この際、試験官は皆さんの「協調性」をみています。
(ほかにも色々な点をチェックしています)
そのため、コメントをして討論に参加することも大切ですが、「聞く力」も重要ですので注意してください。
【「協調性がある」と試験官に思わせるテクニック】
- 相手の意見を否定しては駄目
- 相手が意見を述べている間は口をはさまない
- 相手が意見を言い終わったら、挙手をして司会からOKをもらってから意見を述べる(勝手に意見を言わない)
- まずは出された意見を肯定し、その上で、別の見方あるいはさらにプラスする形で新しい案や改善案を提案する(建設的意見)
(参考)過去に出題された集団討論のテーマ
参考までに過去に出題された集団討論のテーマをいくつか紹介します。
【2023年度 東京都職員(Ⅰ類B・新方式)グループワーク】
「東京都では、東京が直面する風水害、地震等の危機及び複合災害に対し、強靭で持続可能な都市の実現を目指す「TOKYO強靭化プロジェクト」を推進している。あなた達は、大震災があっても「倒れない・燃えない・助かる」まちづくりを検討するプロジェクトチームの一員となった。首都直下地震等から都民の命と暮らしを守るために、どのような取組を行うべきか。チーム内で議論し、職場の上司に説明するために必要なポイントをホワイトボードにまとめなさい。」
【2023年度神奈川県職員(1種試験)グループワーク】
「令和5年4月1日から自転車乗車時のヘルメット着用が努力義務化されました。同様に、日常生活の中で努力義務とした方がよい事柄について、理由を含め1つ挙げなさい。また挙げた事柄の定着に向けてどのような取組が必要か、行政をはじめ取組主体ごとにそれぞれ説明しなさい。」
【2023年度 長野県職員(大学卒業程度)集団討論】
「県内の様々な分野で労働力不足が問題となっているが、多様な人材を確保していくためにどのような取組が効果的か。」
まとめ
ここまで、公務員試験の集団討論について紹介してきました。
個別面接なら大学のキャリアセンター、教授、公務員予備校、OBOGなどで何度も模擬面接の練習ができますが、集団討論はなかなかそうはいきません。

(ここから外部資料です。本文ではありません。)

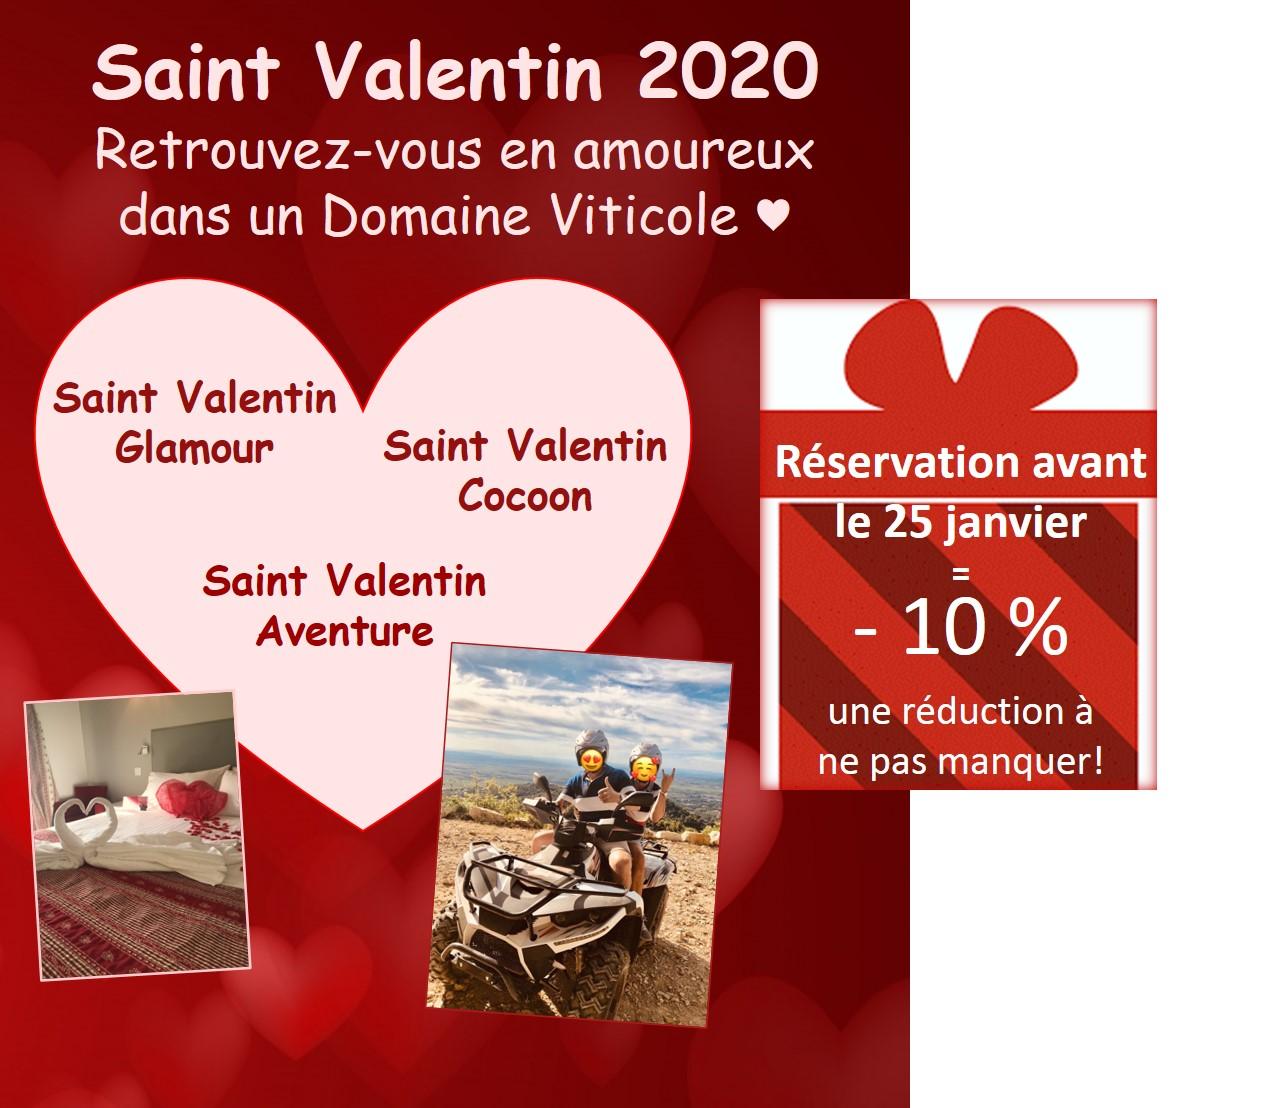 Saint Valentin Aventure, Saint Valentin Cocoon, Saint Valentin Glamour :  au Domaine de Cabasse, chaque couple trouve son bonheur !

独学者は公務員予備校のアガルートのグループワーク単科講座を受講すれば模擬集団討論を体験することができますのでぜひご利用を検討してみてください。
ただし、それは他の受験者も皆同じです。
いかにそのなかで、集団討論のコツをマスターし、本番当日に平常心でうまく立ち回れるかが合否のポイントとなってきます。
集団討論は蹴落とし合いではなく、
「偶然一緒になった受験者みんなで協力しあい、みんなで合格しよう」
というイメージで取り組んだほうがうまくいきます。
そのイメージで取り組めば、自然と評価の高い行動やコメントができるので、あまり気負いすぎないで頑張ってくださいね!